### Recorded data:
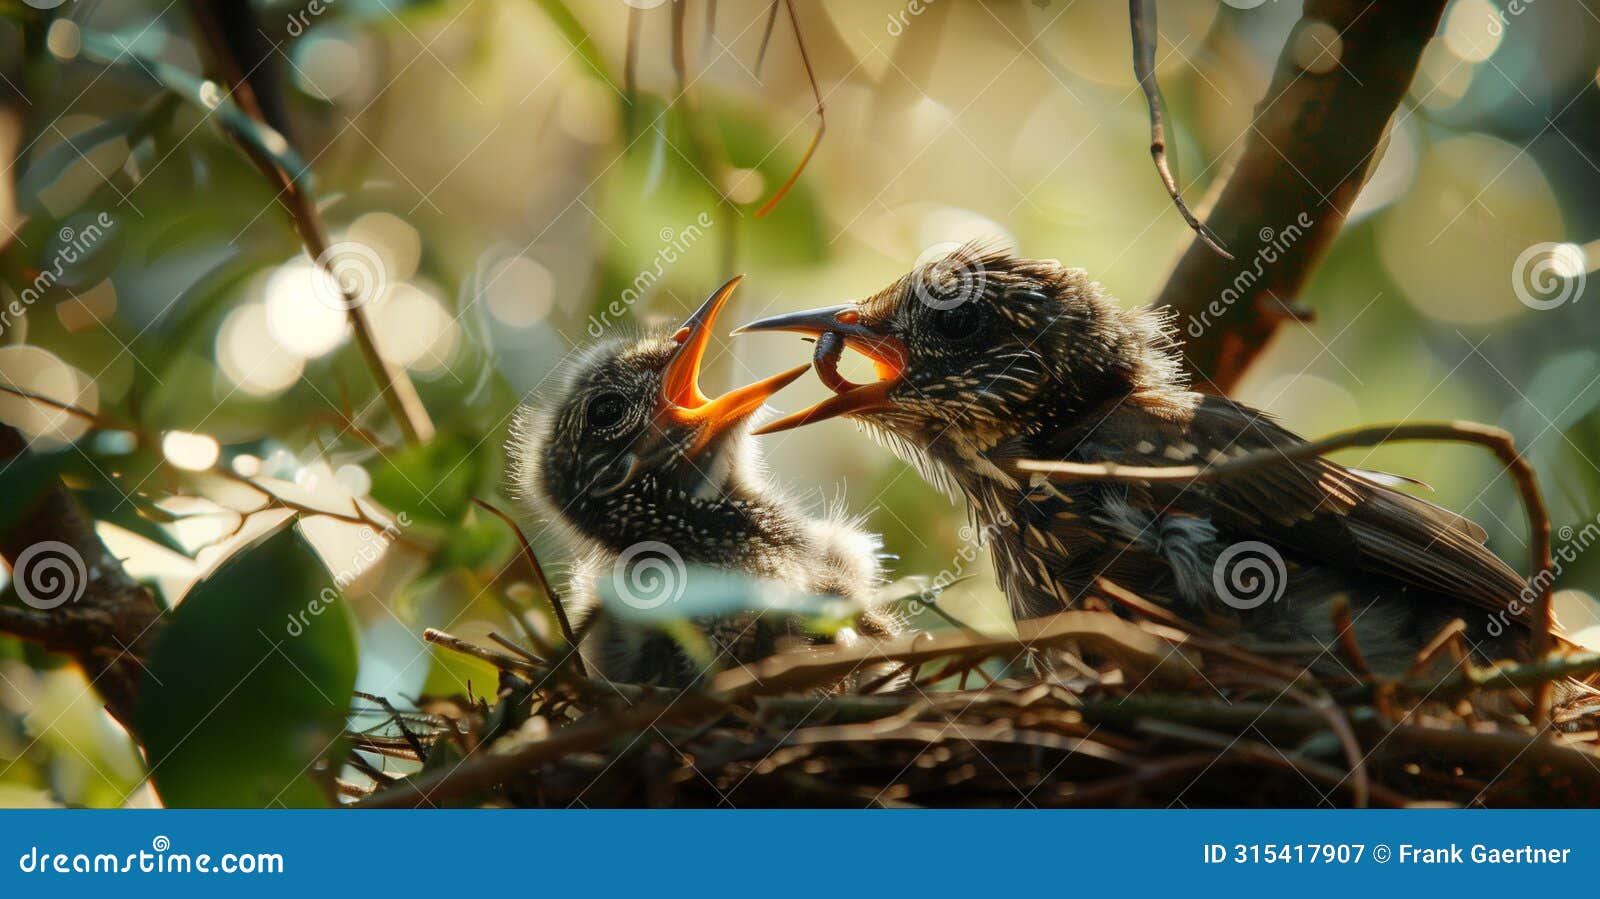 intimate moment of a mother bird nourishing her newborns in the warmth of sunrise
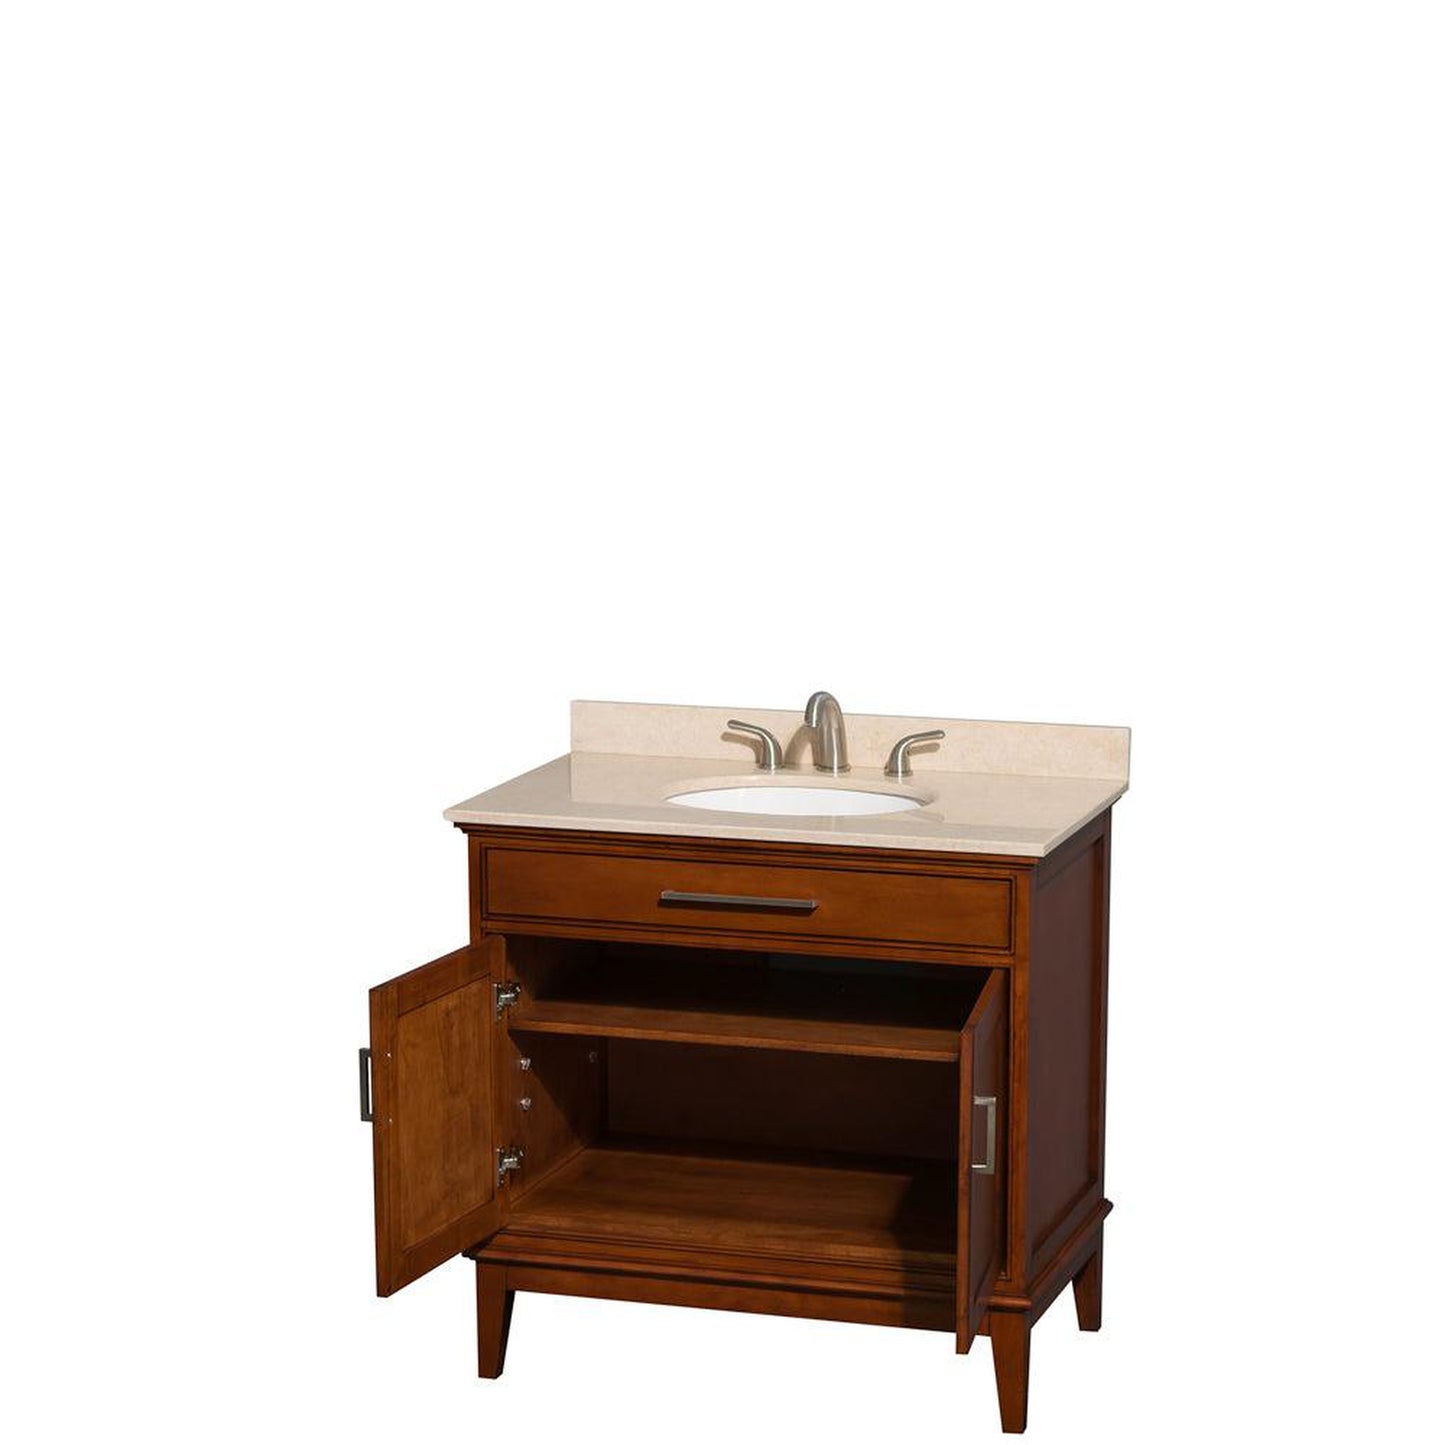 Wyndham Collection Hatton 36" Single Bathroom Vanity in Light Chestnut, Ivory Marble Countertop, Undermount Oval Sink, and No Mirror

* * *

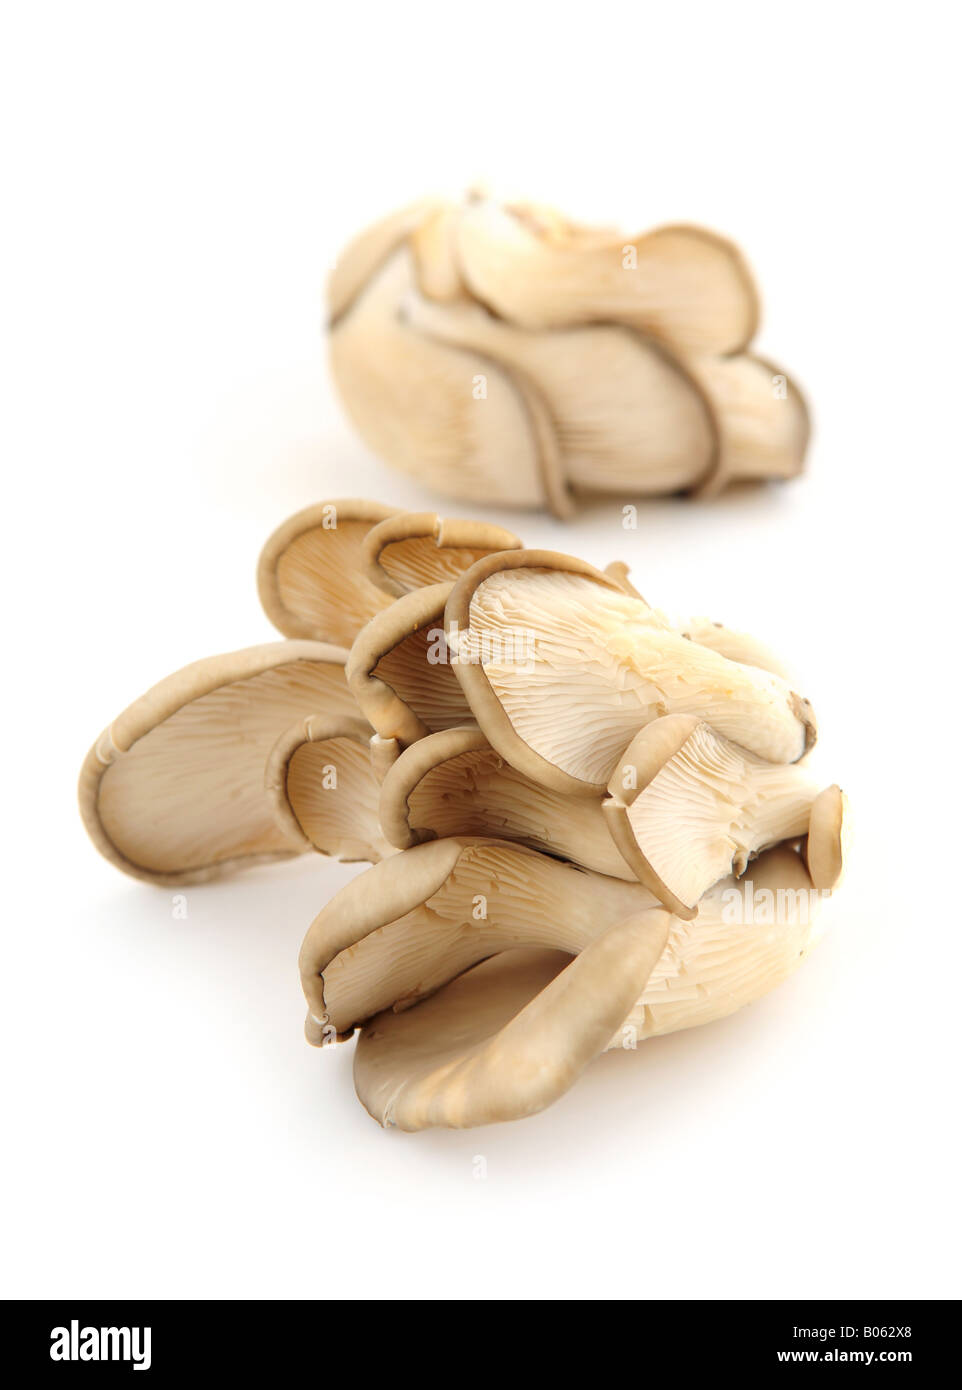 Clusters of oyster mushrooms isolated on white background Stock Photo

---

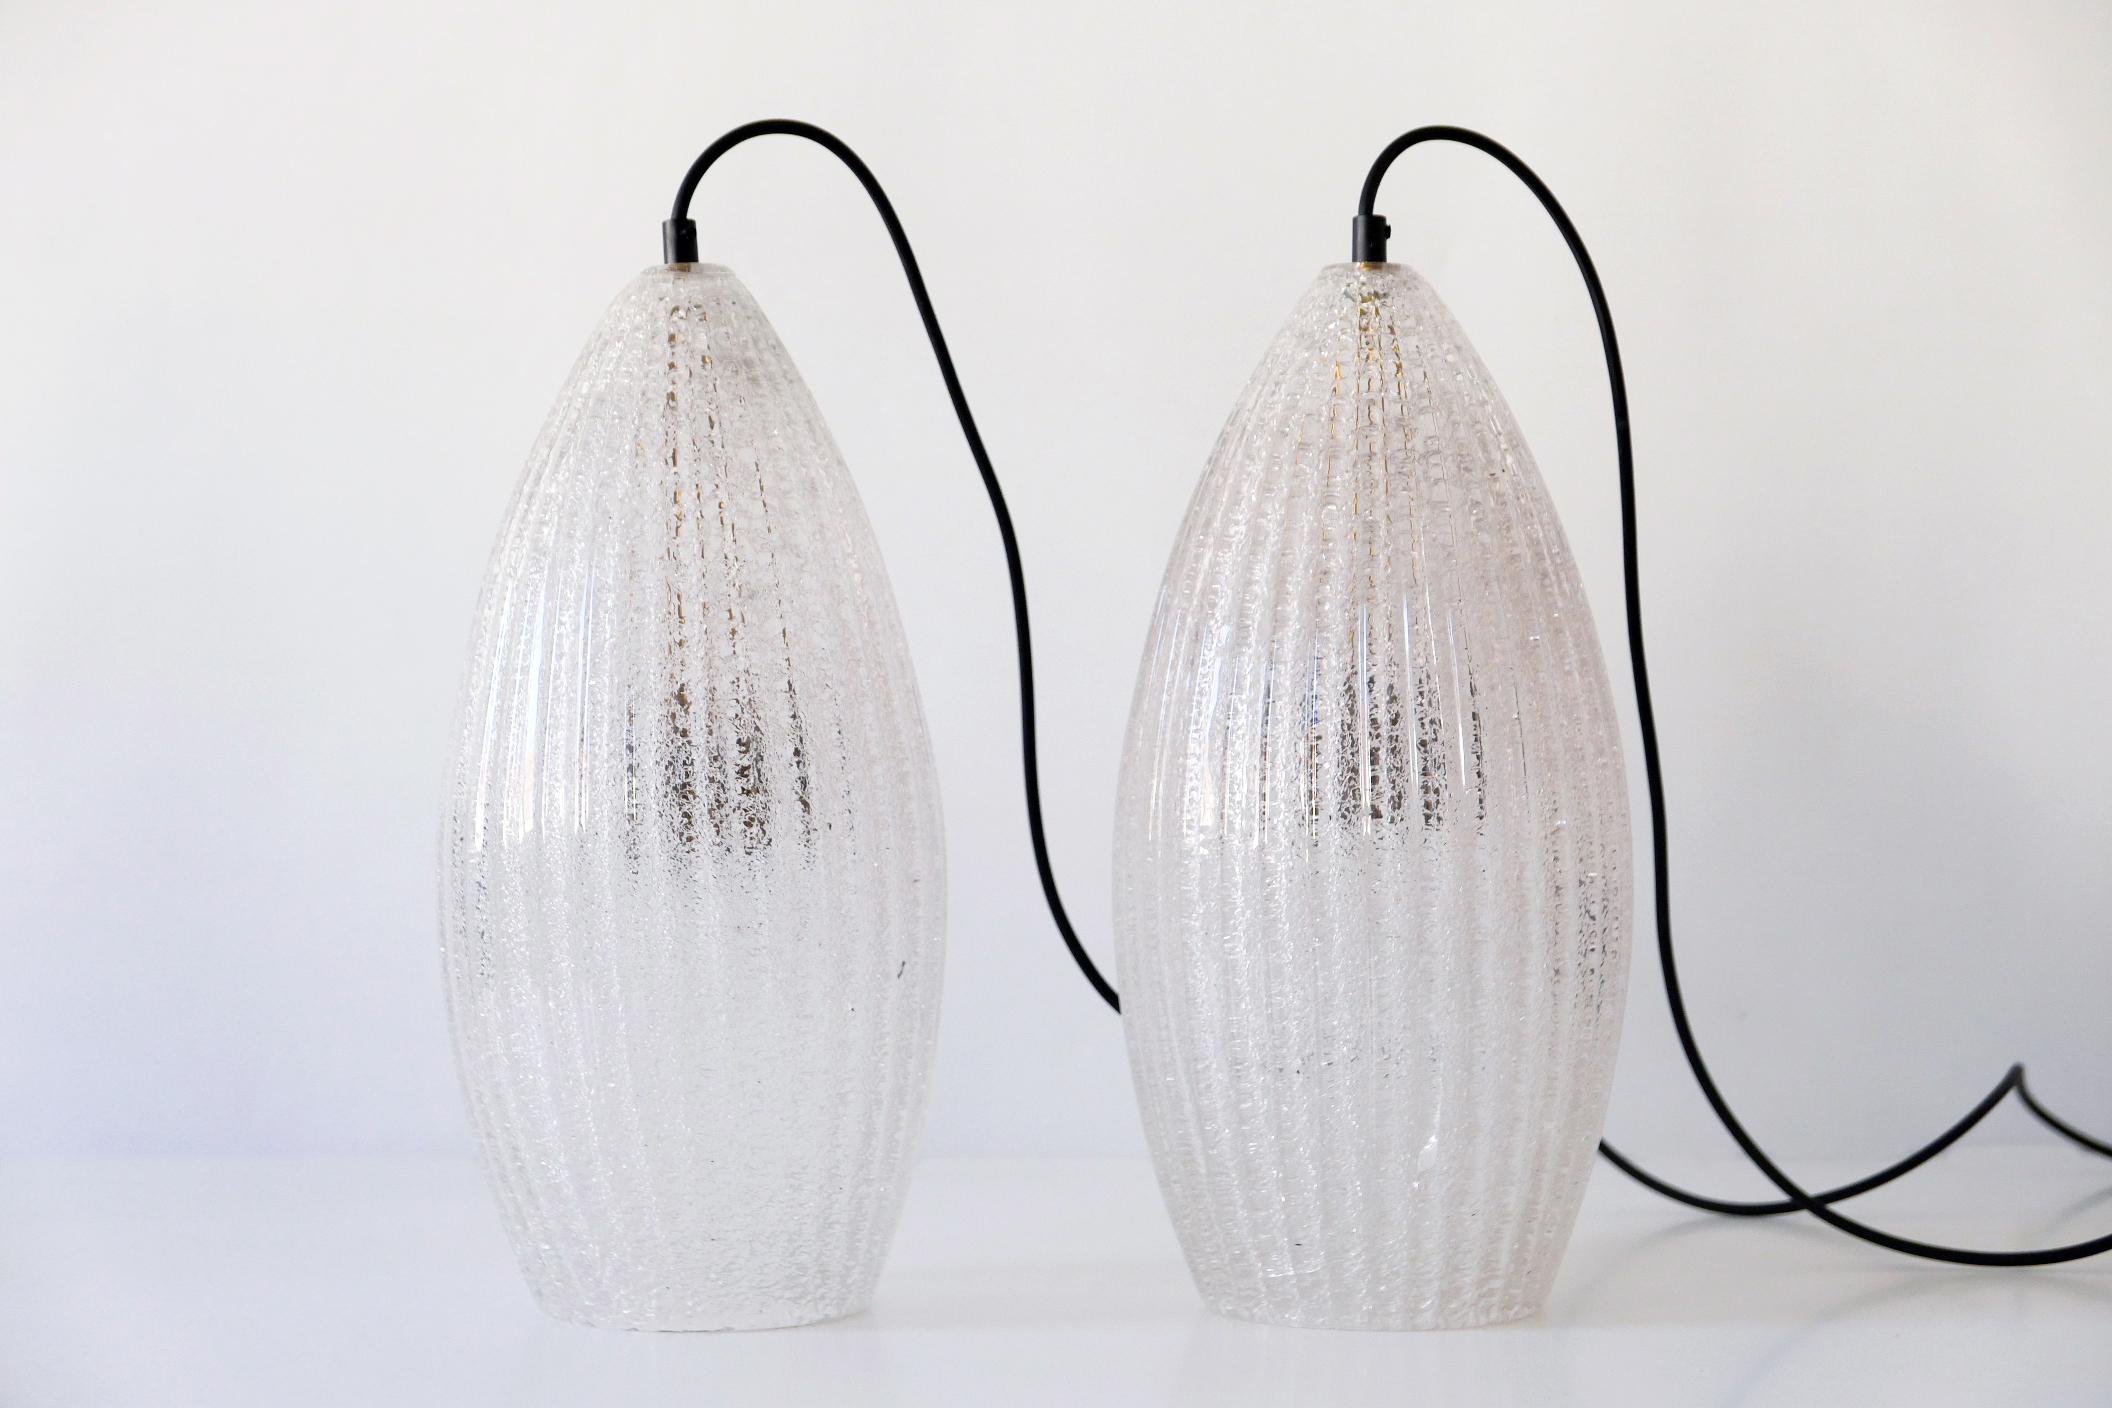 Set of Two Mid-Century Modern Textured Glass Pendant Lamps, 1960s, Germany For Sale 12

### Exercise instructions:
Write back word for word every line in the entries above from the one with "intimate moment of" to the one with "Wyndham Collection Hatton", ends included, and none of the pictures.

### Result of this exercise:
 intimate moment of a mother bird nourishing her newborns in the warmth of sunrise
 Wyndham Collection Hatton 36" Single Bathroom Vanity in Light Chestnut, Ivory Marble Countertop, Undermount Oval Sink, and No Mirror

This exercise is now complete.